Firms the size of SJP, Old Mutual Wealth and Standard Life will be on a permanent supervision account from the FCA, meaning they will have oversight from dedicated staff members. Money Marketing understands, as part of the regulator’s usual supervisory activities, staff reponsible for vertically integrated firms have to maintain oversight of how firms comply with all aspects of the adviser charging rules, including cross-subsidisation.

The FCA says it cannot comment on any specific actions taken regarding cross-subsidy rule breaches, though it has the power to withdraw authorisation, issue fines, or even bring criminal prosecution if unauthorised business was conducted alongside cross-subsidy breaches.

But does it use these powers, or have the ability to collect the data it needs to validate them?

Threesixty compliance director Russell Facer says: “It’s a challenge. How much does the FCA put into supervision? The information that comes through Gabriel doesn’t ask for charging structures. It could have a picture of some stuff through the suitability review, but that’s not going to tell you a great deal about an advice side which may look fine but is being kept alive by other parts of the business.

“It may be anecdotal evidence as opposed to FCA findings.”

Syndaxi Chartered Financial Planners director Robert Reid also notes the technical difficulties of confirming allegations of cross-subidy that breaches FCA rules.

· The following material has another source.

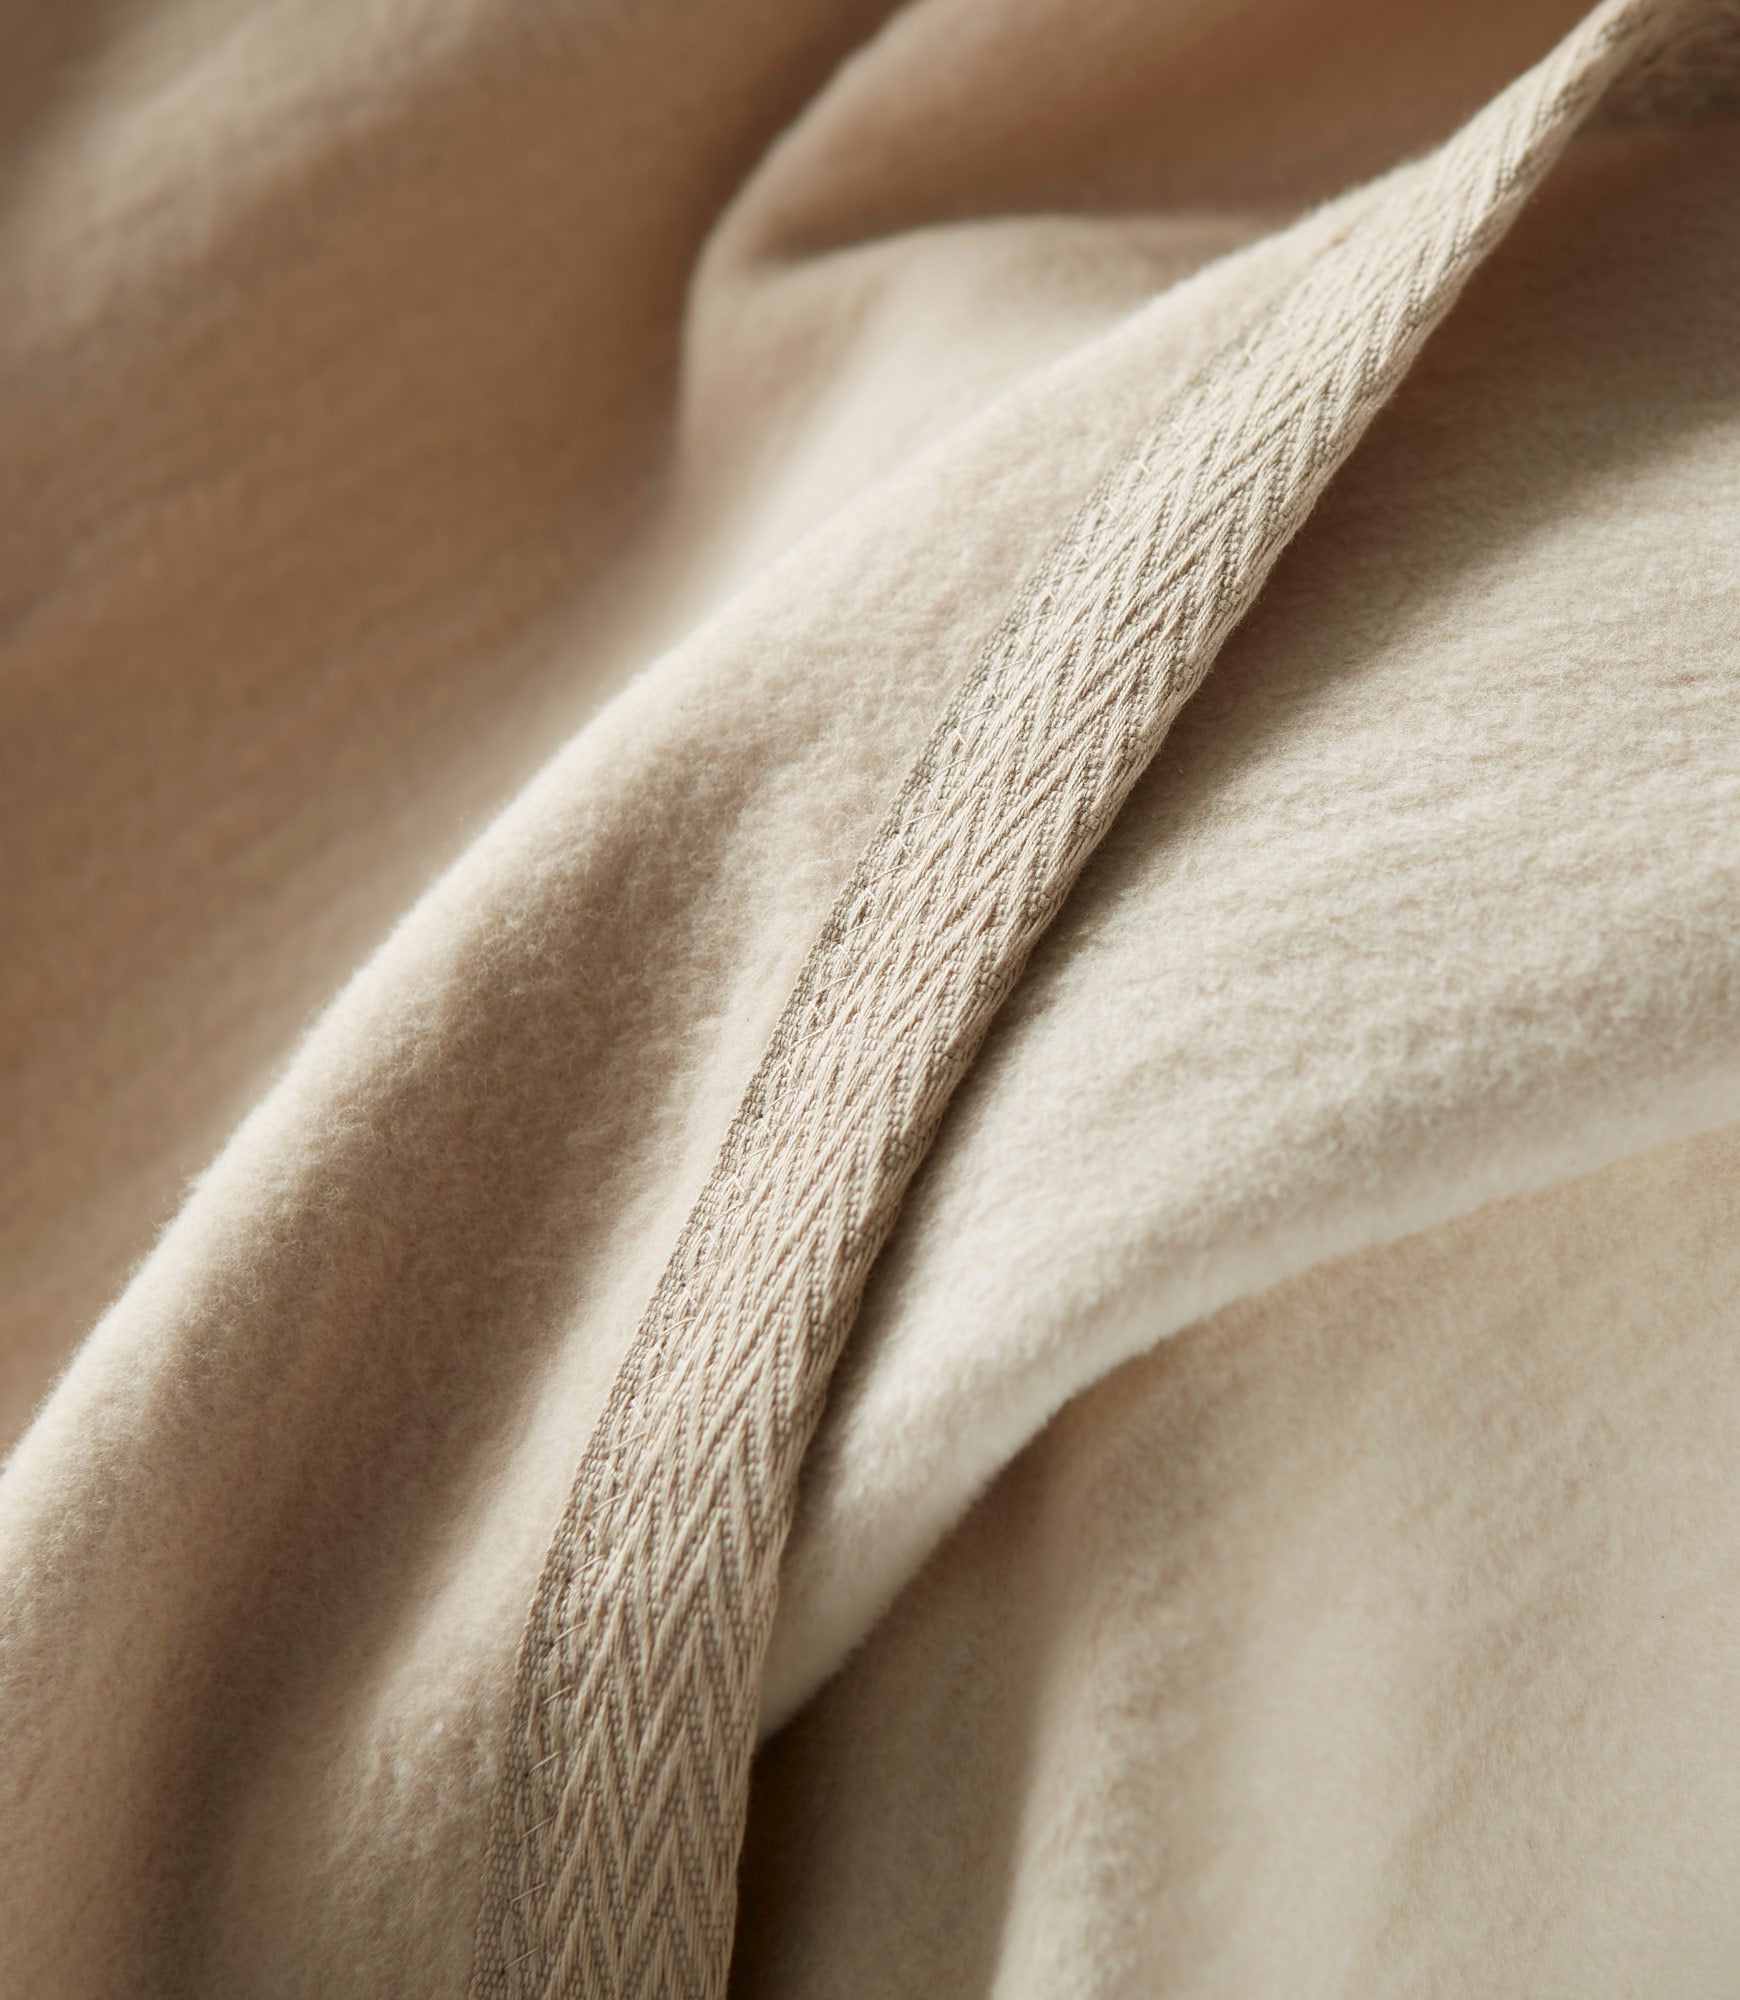 Binded edge of Favorite Reversible Cotton Blanket Linen color

He says: “They will need to look at the group of companies as a whole. There might be four companies making a loss and one making a thumping profit. You’d then need to stand up any transfers taken from the one making a profit, and if they keep the advice afloat. Then you can ask questions: Why are you running it like this? You often have companies running a loss for different reasons. The fact is there aren’t enough resources out there to pick up the bad ones.”

The case for inaction

Part of the problem is the FCA also has to make a judgement on whether clients are affected by any cross-subsidy, particularly if it means they can receive cheaper advice as a result.

Barrett says: “I often hear MM’s beloved readers say ‘why doesn’t the FCA act?’

“The client outcome is more important. With SJP and the other firms involved there are strong measures in place to service existing clients. Clients are actually very happy with what’s going on. There’s an interesting argument of does the means justify the end? There’s obviously a breaking point where the customer could achieve what they wanted to achieve better, for lower cost by going elsewhere.”

The Consulting Consortium advisory director Phil Deeks, who was working as a technical specialist at the FCA when the rules came in, says: “If you look at the original intention of the vertical integration rules, the FCA was concerned a large vertically integrated firm would basically put lots of IFAs out of business, that they were going to charge 0.5 plus 0.5, blowing the IFA out of the water.”

Deeks says in the early stages of the rules, reaching a break-even point in five years was a useful rule of thumb for the regulator, though there were occasions where a longer period would be sensible.

But he says there is little evidence that vertically integrated firms have used this period to gain an unfair advantage over advisers when it comes to fees. He says: “It was targeted at firms with no intention of recovering cost at the time. But those mischiefs that they were worried about haven’t really happened. Large vertically integrated firms haven’t really competed on price.

“So if the regulator is taking a view that the mischiefs they were originally concerned about aren’t happening, does it then become less concerned about a more technical breach that isn’t taking advisers out of the market? This was always one that was going to take a period of time before the FCA started looking at it again. Looking at where we are now post-RDR, it might be that they want to look again at the outcomes.”